Supplied material Start Marker

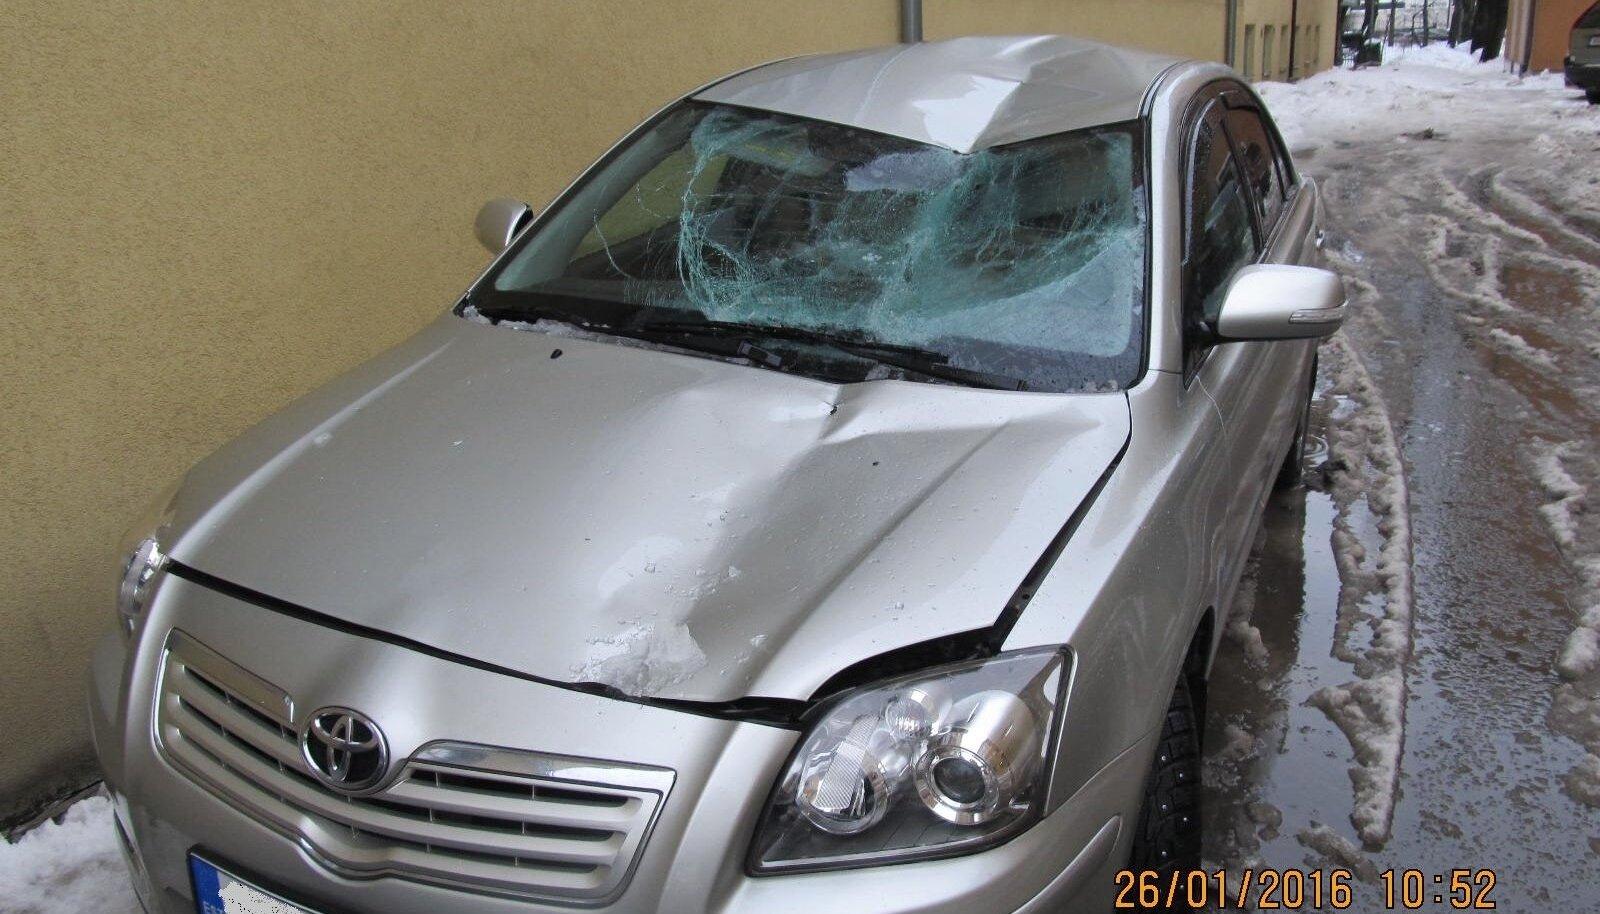 Jääkamakas kukkus autole
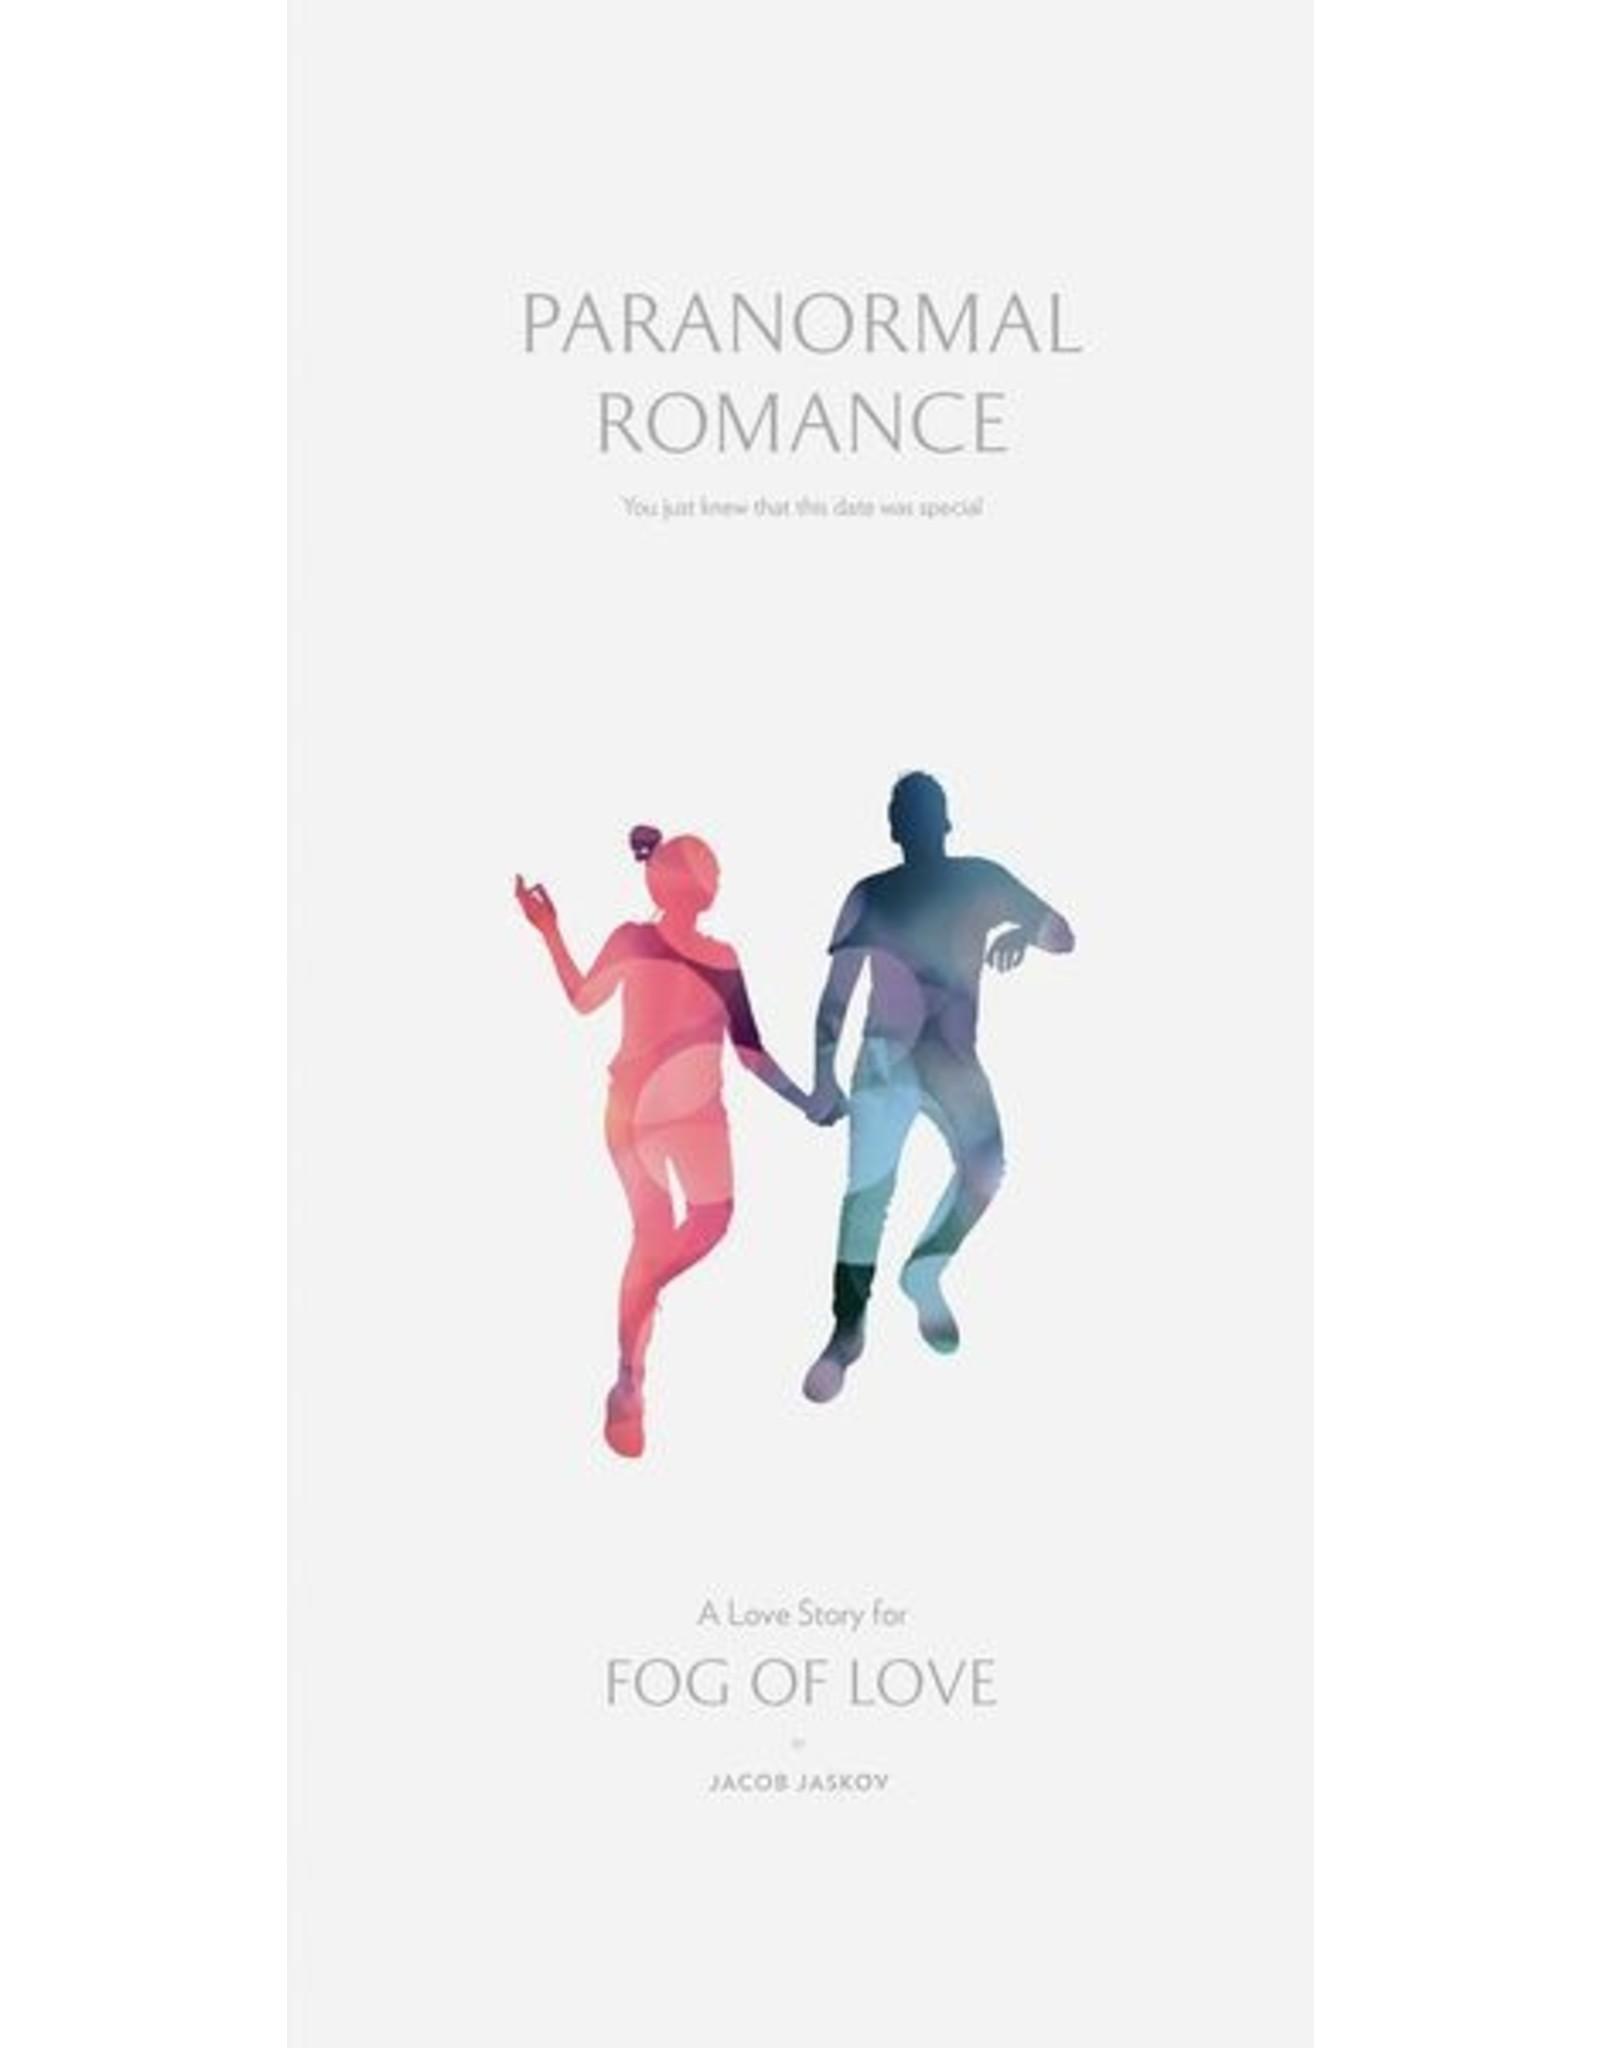 Hush Hush Productions Fog of Love: Paranormal Romance
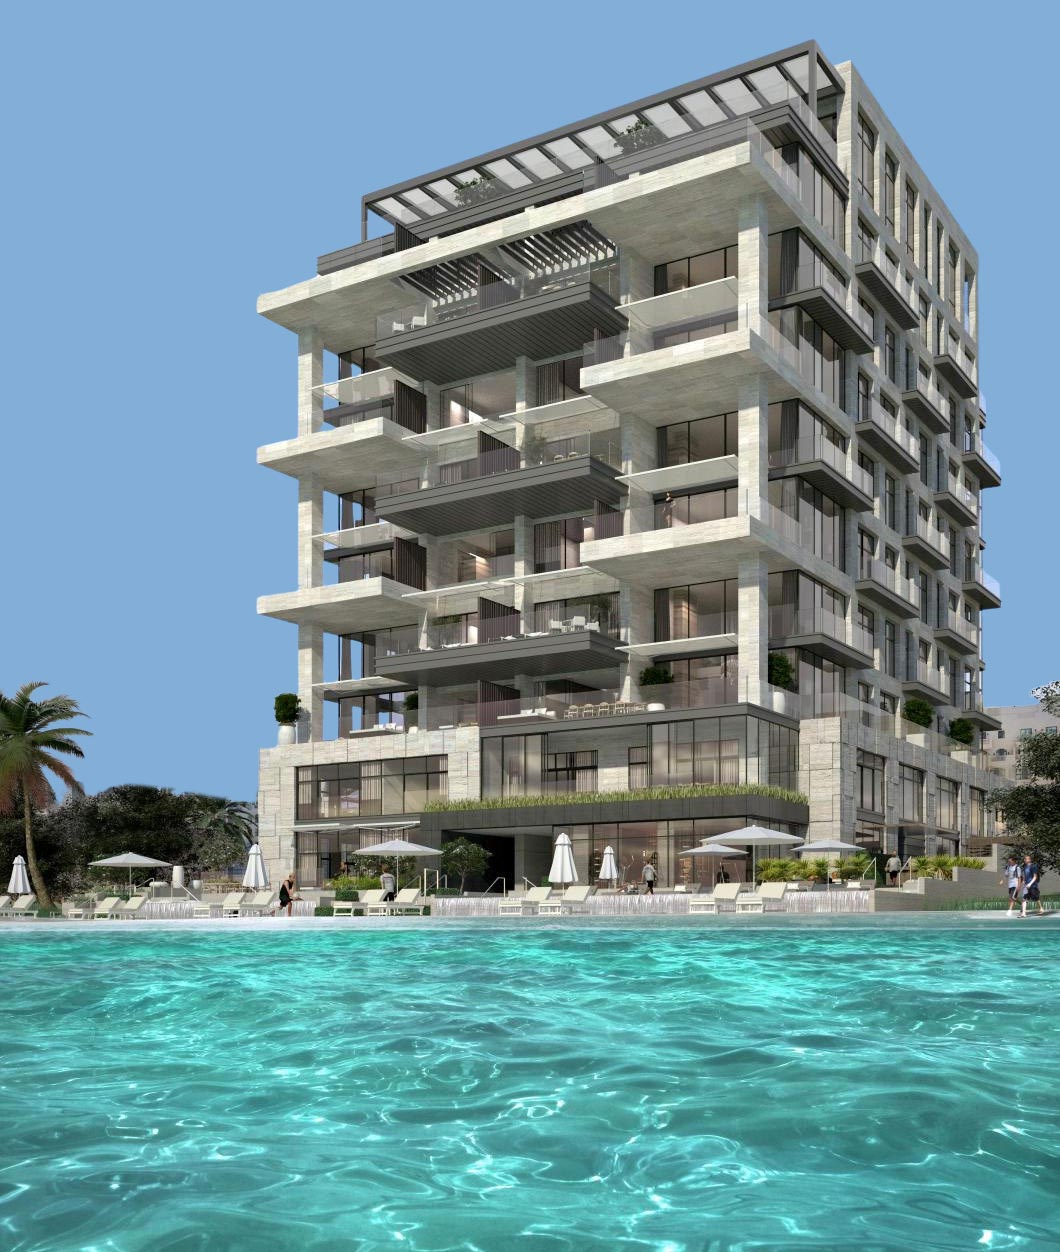 Palme Couture Residences: Apartments for Sale on Dubai Palm Jumeirah
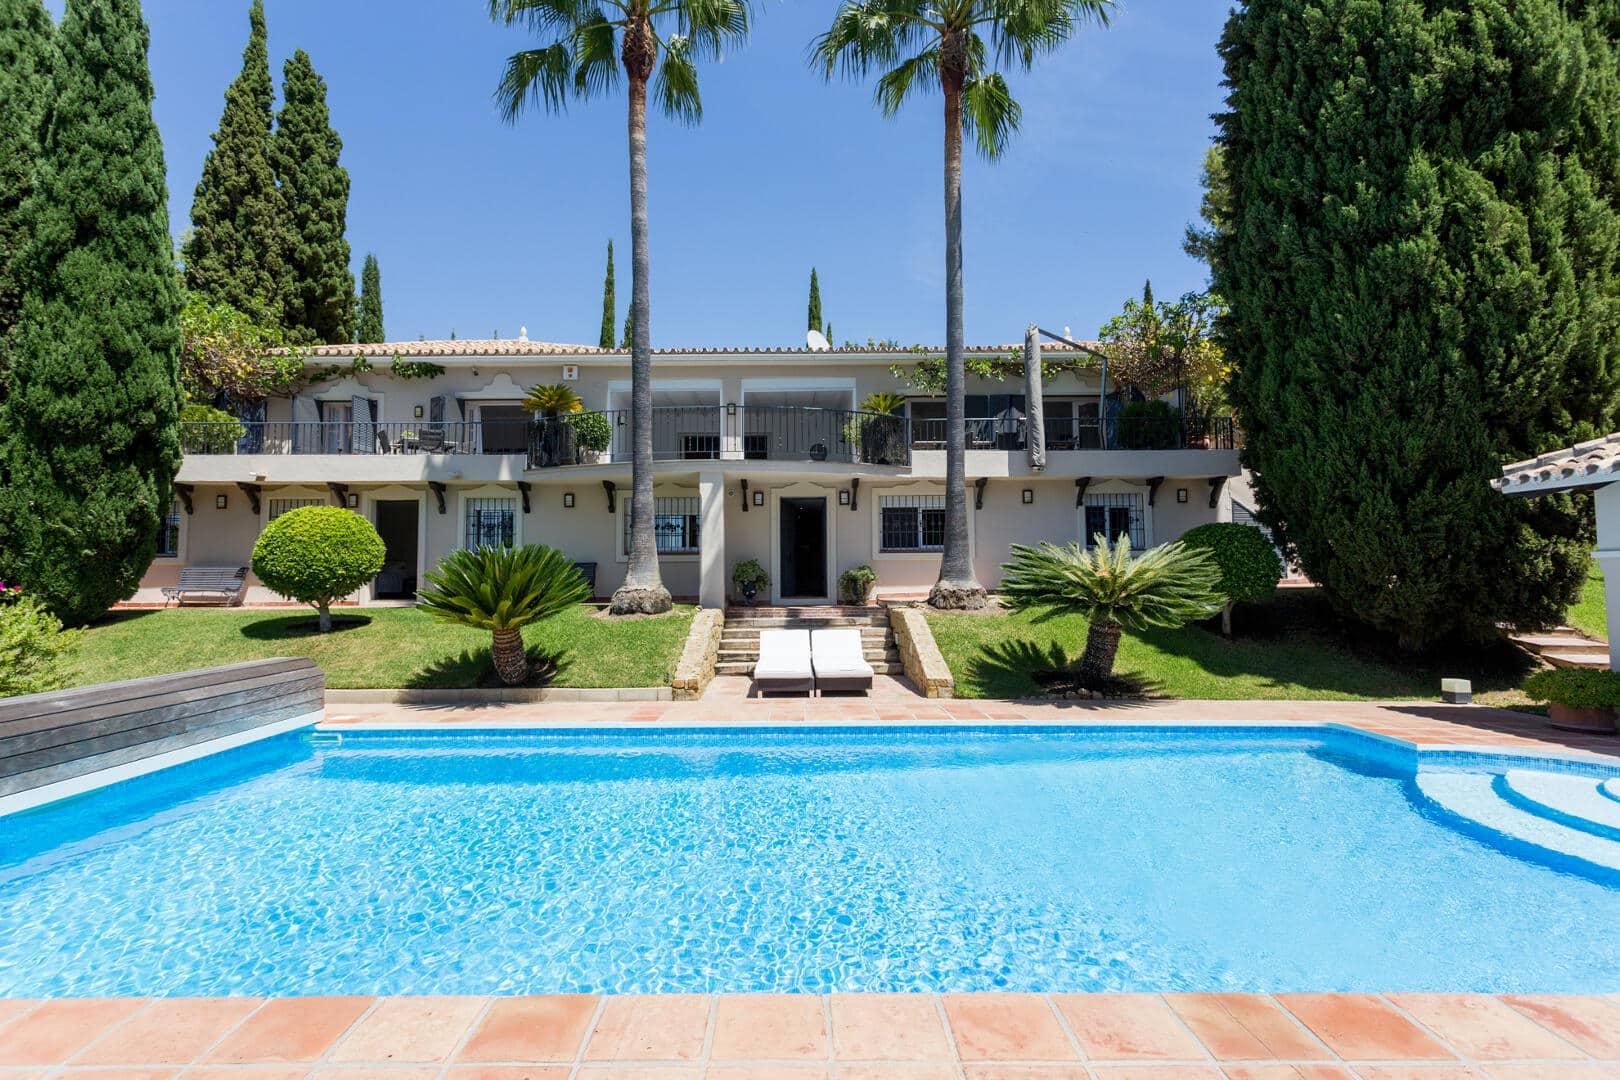 Beautiful private 5 bedroom Villa in Puerto de los Almendros gated community in Benahavis municipality

Supplied material End Marker

» Problem to work on:
An exact transcription is requested of each line from the one that holds "Palme Couture Residences: Apartments" to the end of the listing above, both boundary lines included; pictures are to be omitted.

» Exercise response:
 Palme Couture Residences: Apartments for Sale on Dubai Palm Jumeirah
 Beautiful private 5 bedroom Villa in Puerto de los Almendros gated community in Benahavis municipality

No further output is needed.